--- Information supplied ---
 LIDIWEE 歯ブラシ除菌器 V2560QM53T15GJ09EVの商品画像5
---
--- Information supplied ---
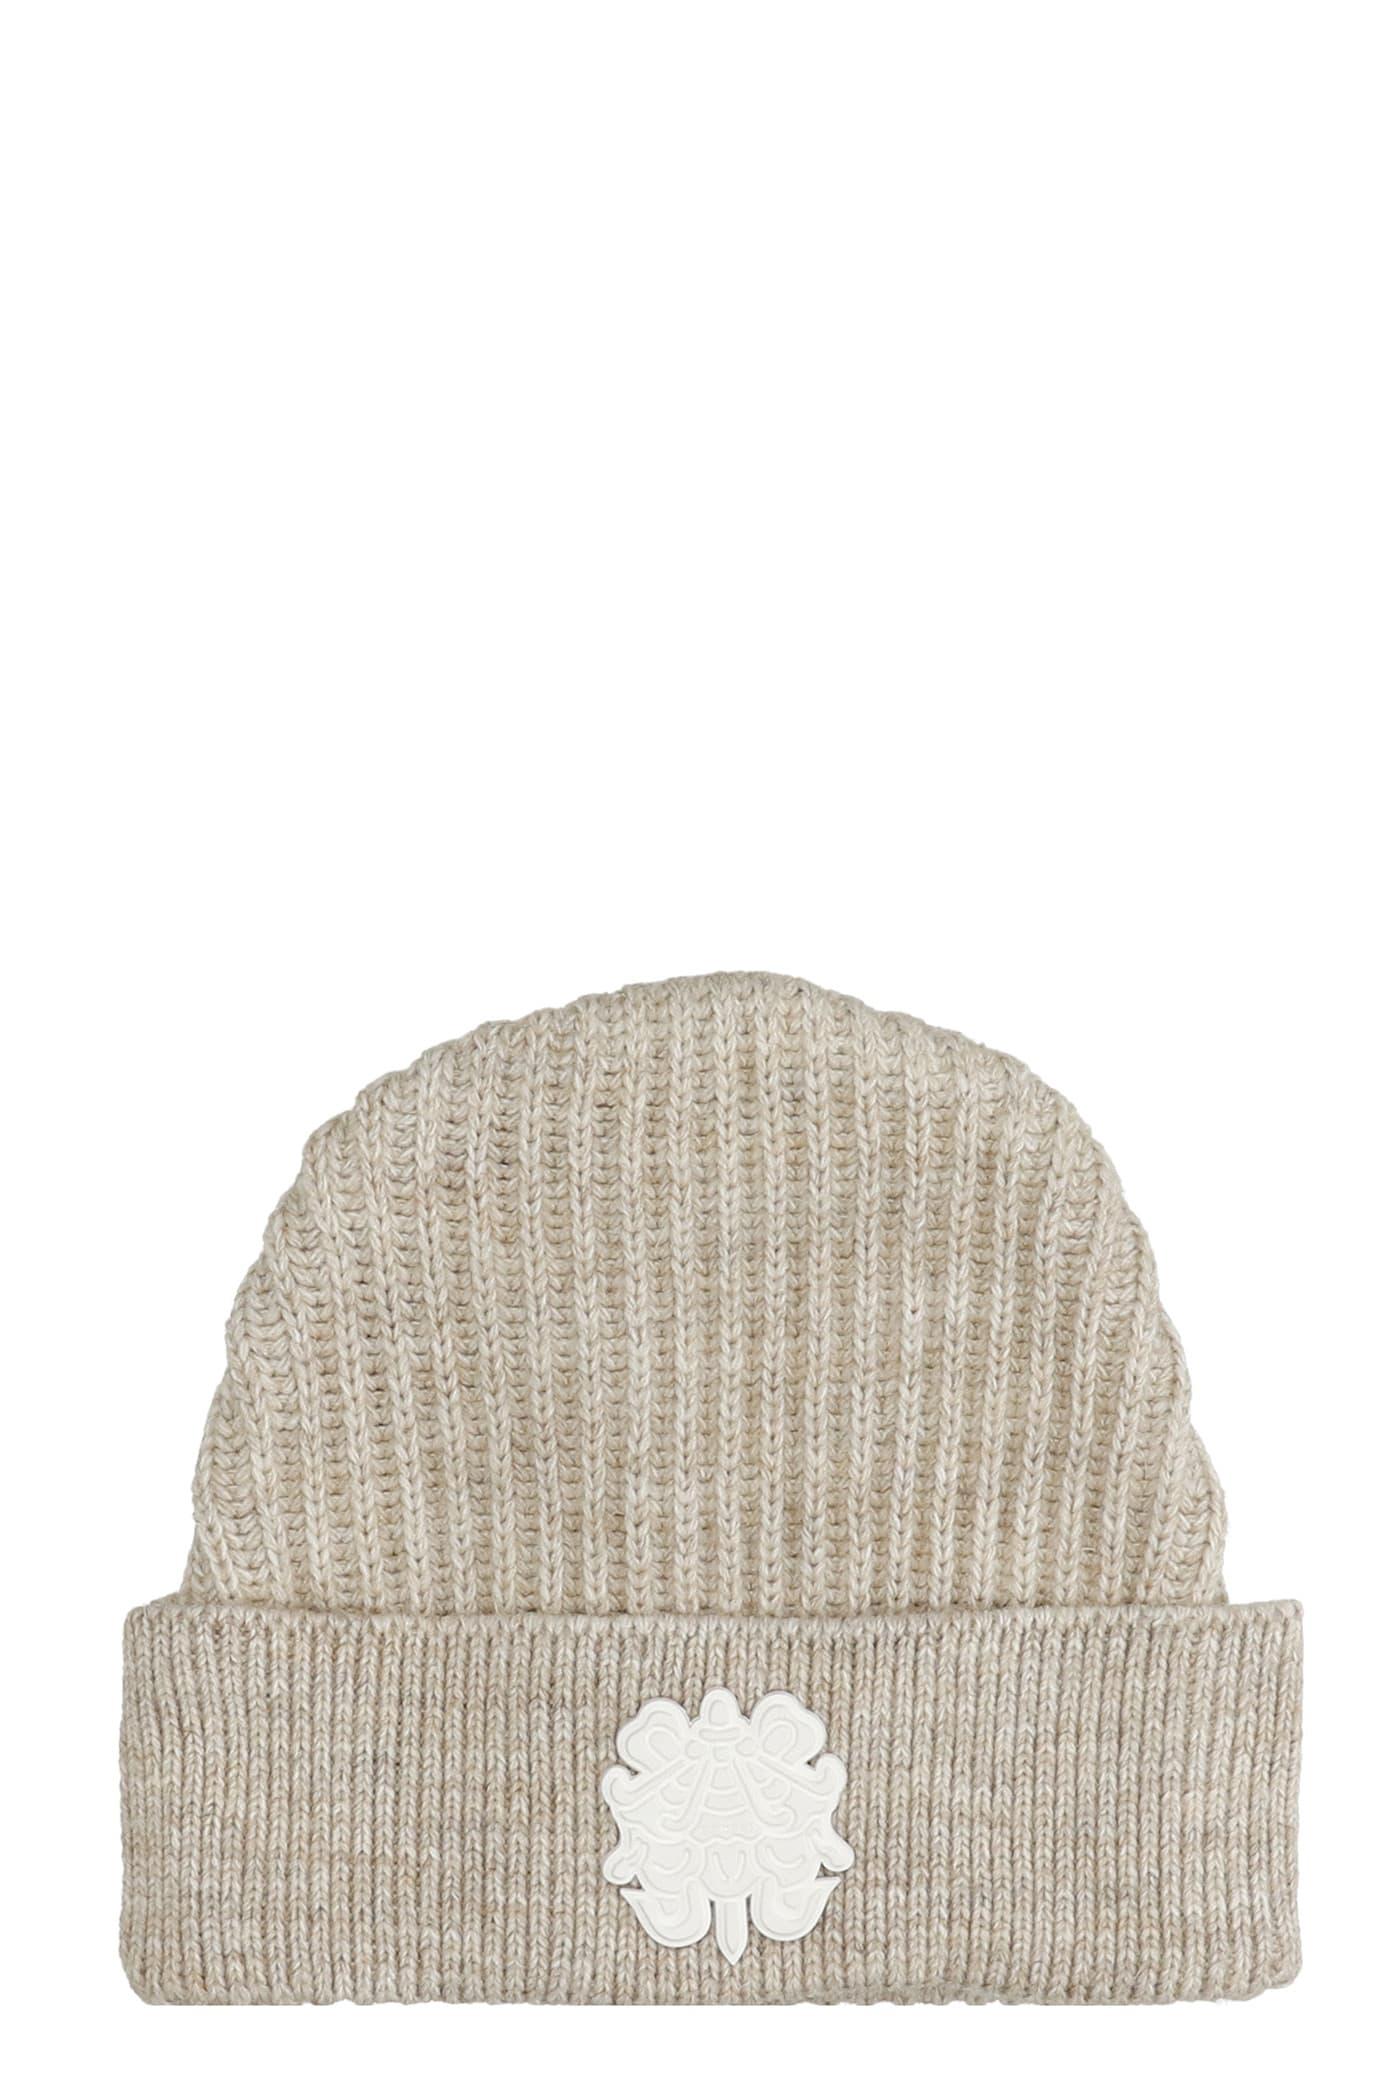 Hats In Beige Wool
---
--- Information supplied ---
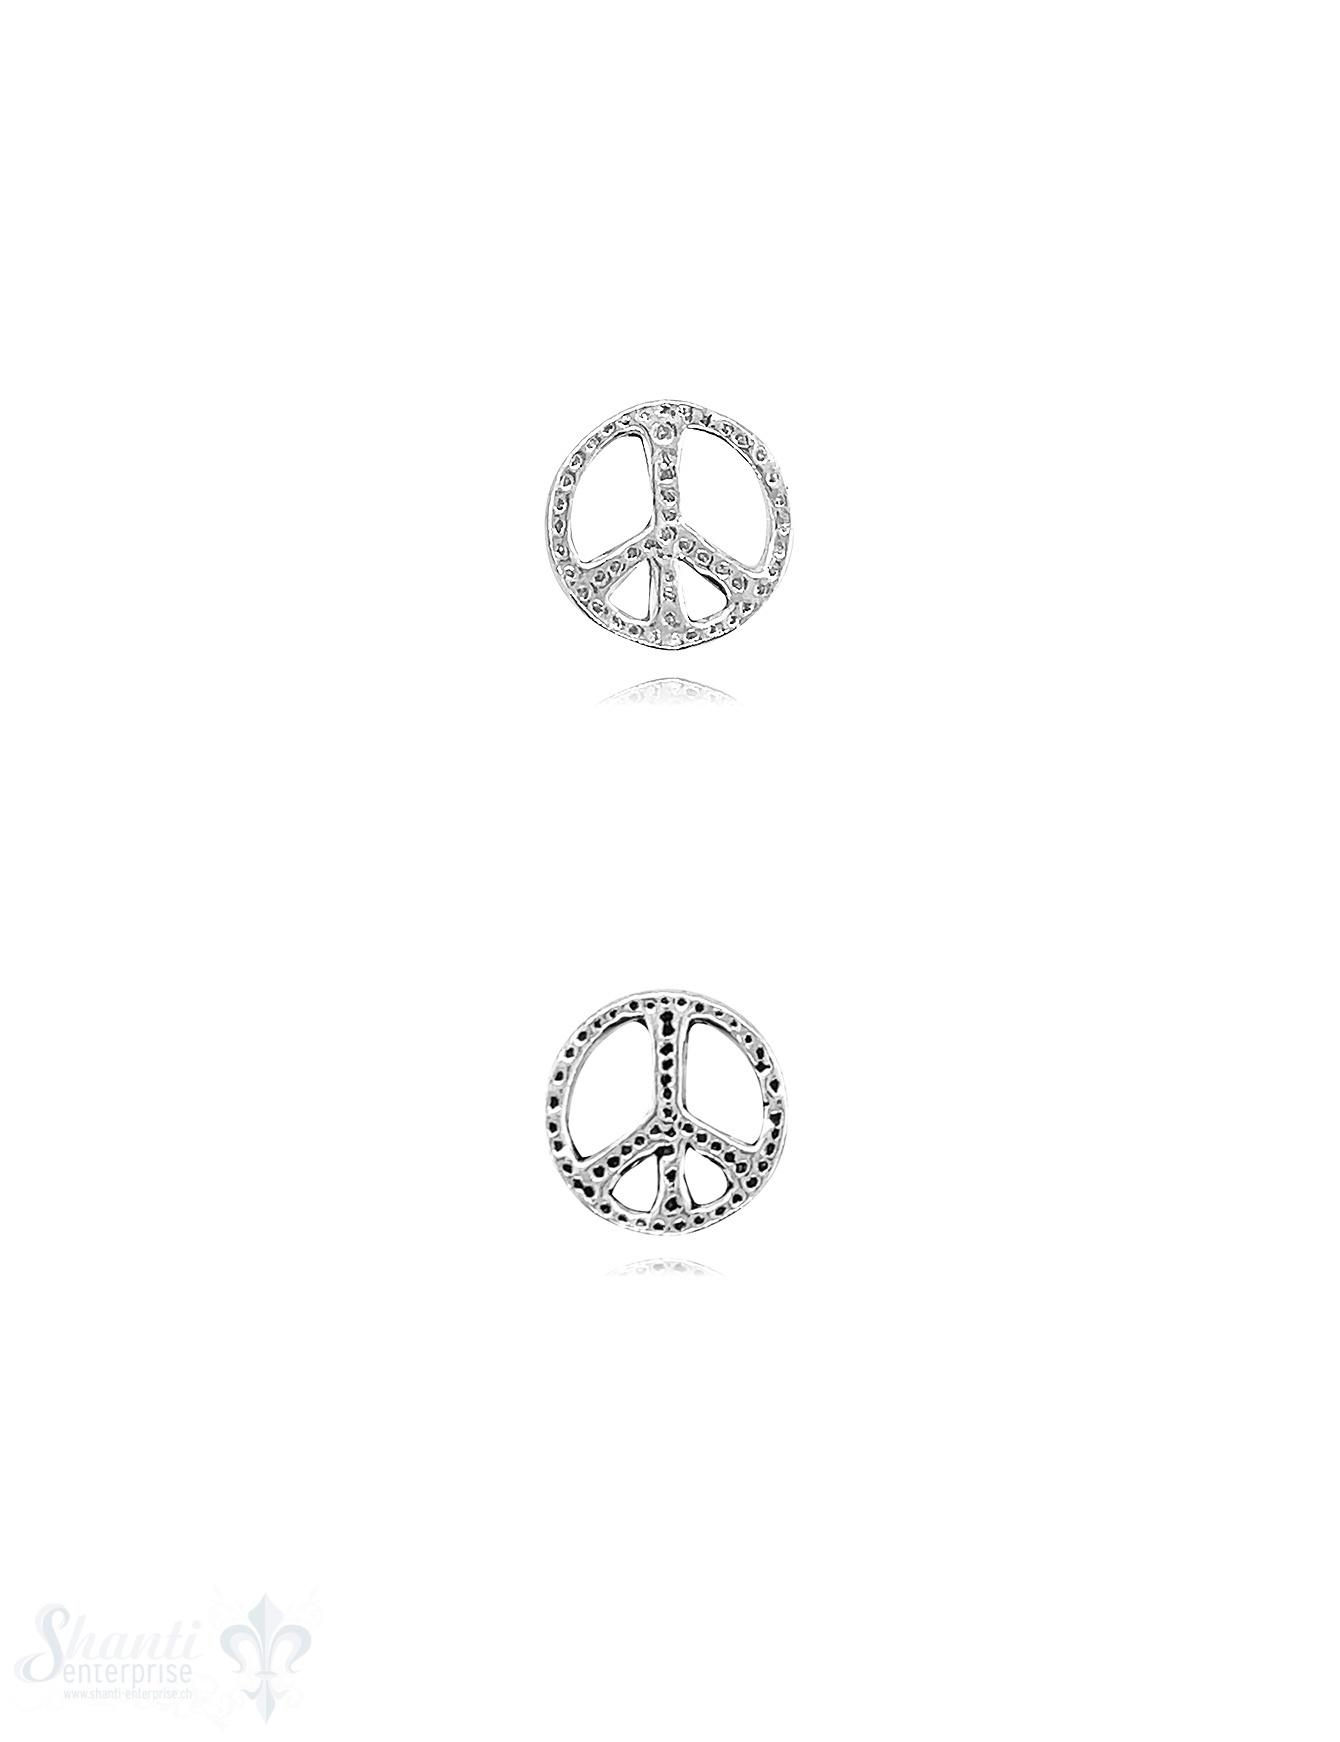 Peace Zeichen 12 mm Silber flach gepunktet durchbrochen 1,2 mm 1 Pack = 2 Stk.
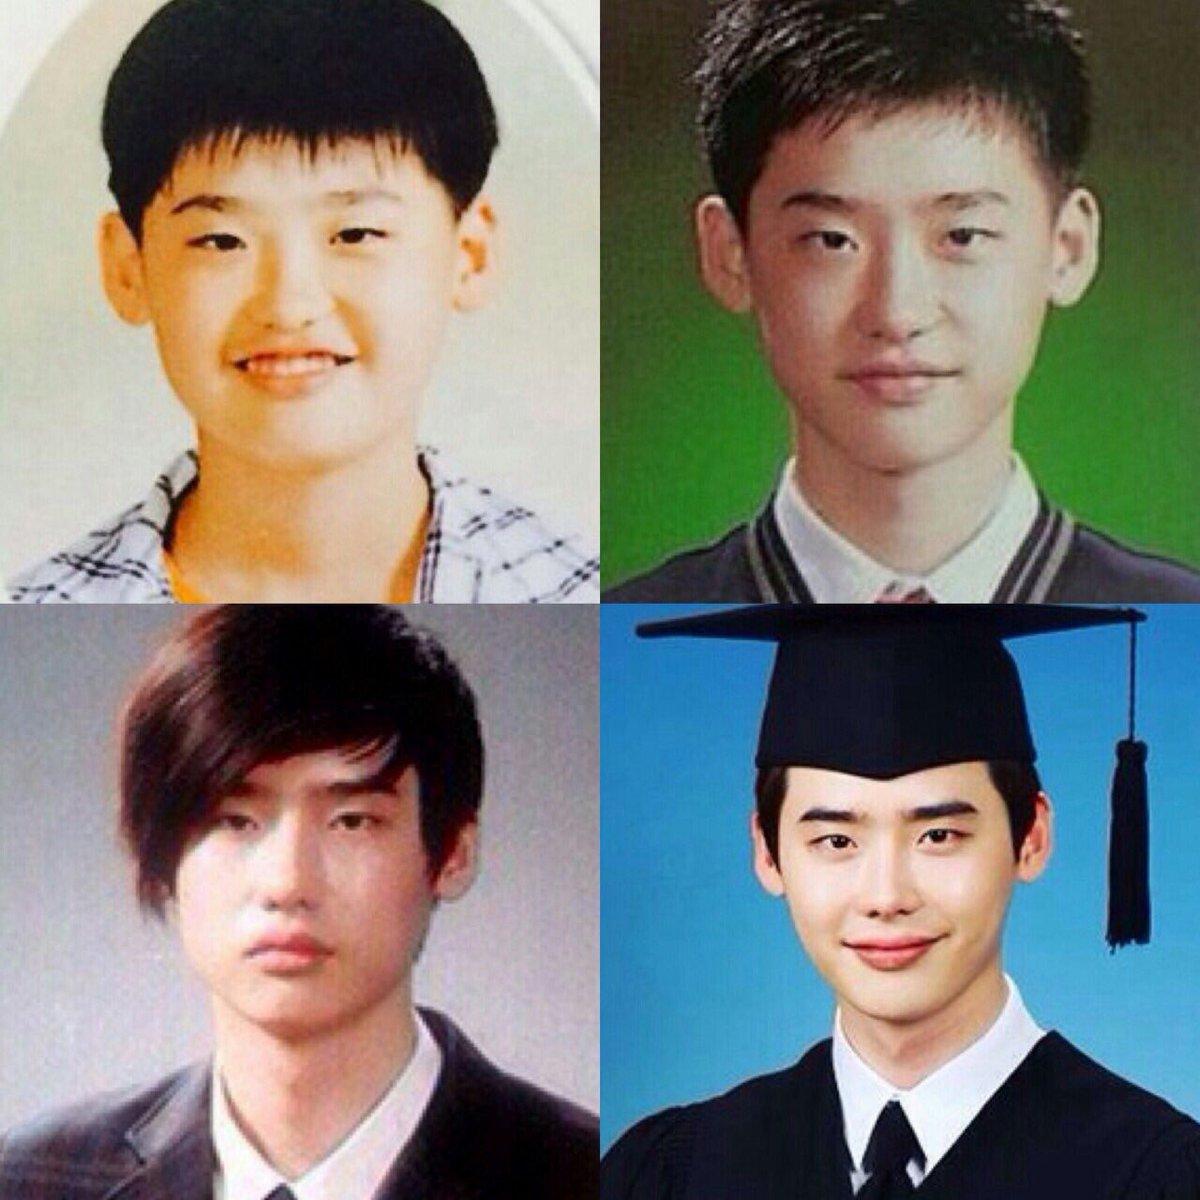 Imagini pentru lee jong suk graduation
---
How to complete this task ->
Using the entries above, transcribe exactly from the line that has "Peace Zeichen 12" through the line that has "Imagini pentru lee jong suk graduation". Pictures are dropped.

Written reply ->
 Peace Zeichen 12 mm Silber flach gepunktet durchbrochen 1,2 mm 1 Pack = 2 Stk.
 Imagini pentru lee jong suk graduation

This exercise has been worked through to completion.